Beverly - Aug 19, 2010 12:24:32 am PDT #12028 of 28342
Days shrink and grow cold, sunlight through leaves is my song. Winter is long.

dcp, is Follow My Leader about the kid blinded by a firecracker who gets a guide dog? I loved that one. And really took to heart the "don't play with leftover firecrackers on July fifth!" message. It was a nice little lesson for kids in perceiving life from a blind person's POV, while retaining the kid's personality.


Calli - Aug 19, 2010 1:09:22 am PDT #12029 of 28342
I must obey the inscrutable exhortations of my soul—Calvin and Hobbs

I highly recommend finding a copy with lots of notes.

Thanks, Laga. I live near a university, so this shouldn't be hard.


erikaj - Aug 19, 2010 5:46:45 am PDT #12030 of 28342
Always Anti-fascist!

That is exactly my problem, well, the biggest, with AMS.(I enjoyed the Number 1 *show* so much more than the books...Jill Scott was great) But really? Soothing mysteries? ur kinda doin it wrong. Also words that sound right coming out of Africans seem strange when a white guy puts in on the page. Although Pelecanos is absolutely a white guy(although first time I did check) who writes black people, and I fangirl all over him. But it only rarely feels like he writes dialect, which generally makes me uncomfortable. Huh, maybe he is not only soothing then.

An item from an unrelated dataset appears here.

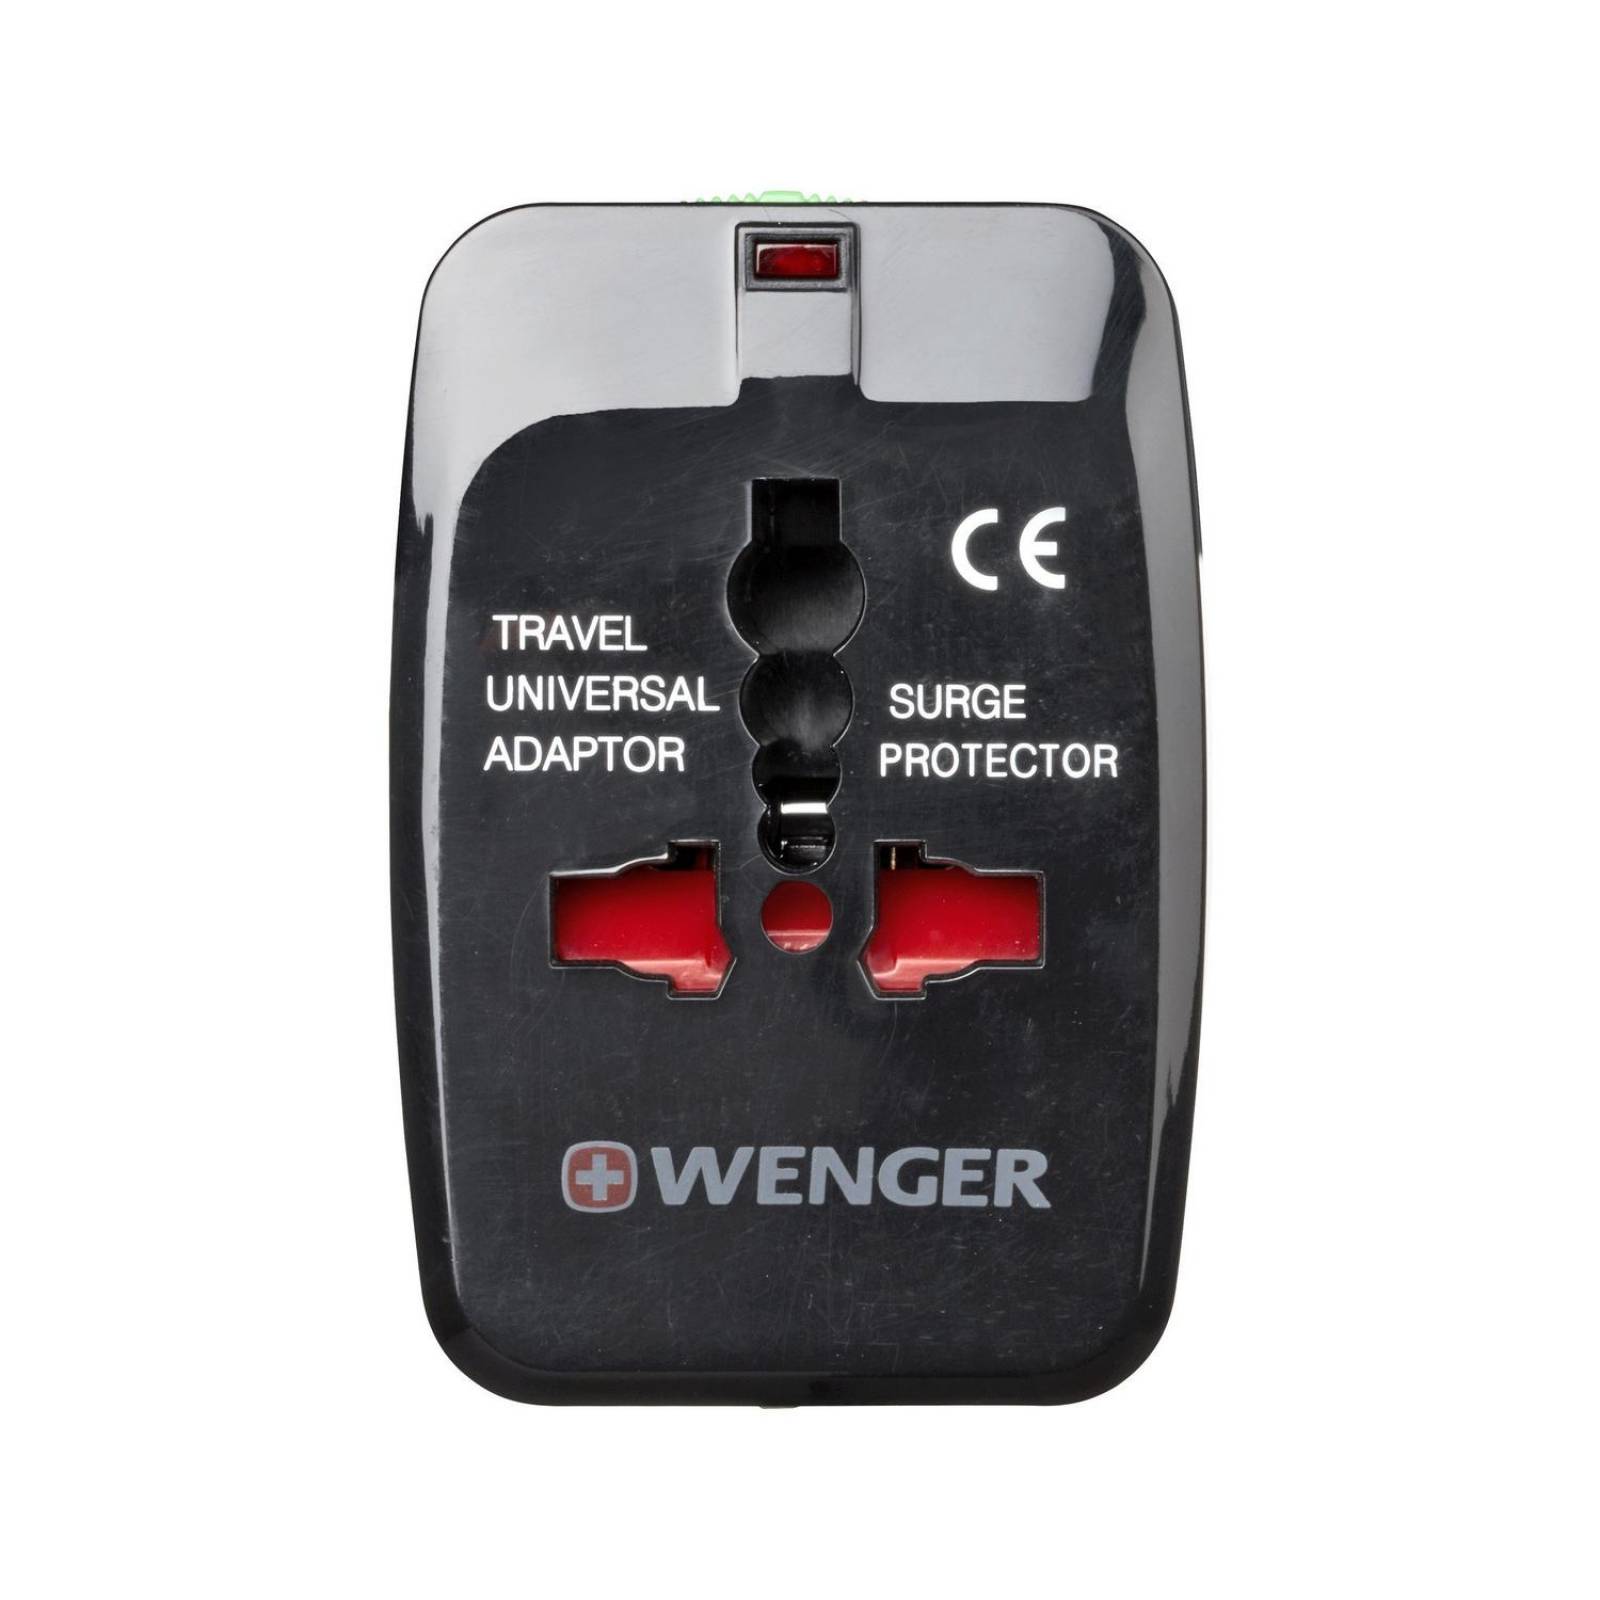 Adaptador de Viaje Universal Wenger, 604551, Color Gris, para viajes globales, tamaño compacto

sj - Aug 19, 2010 8:55:42 am PDT #12031 of 28342
"There are few hours in life more agreeable than the hour dedicated to the ceremony known as afternoon tea."

I'm currently reading The Body Artist by Don DeLillo. It's very intersting, and I just loved the opening section with the description of a typical breakfast between the couple. The stops and starts of conversations with questions unanswered or unheard seemed much more realistic to me than most dialogue one finds in novels.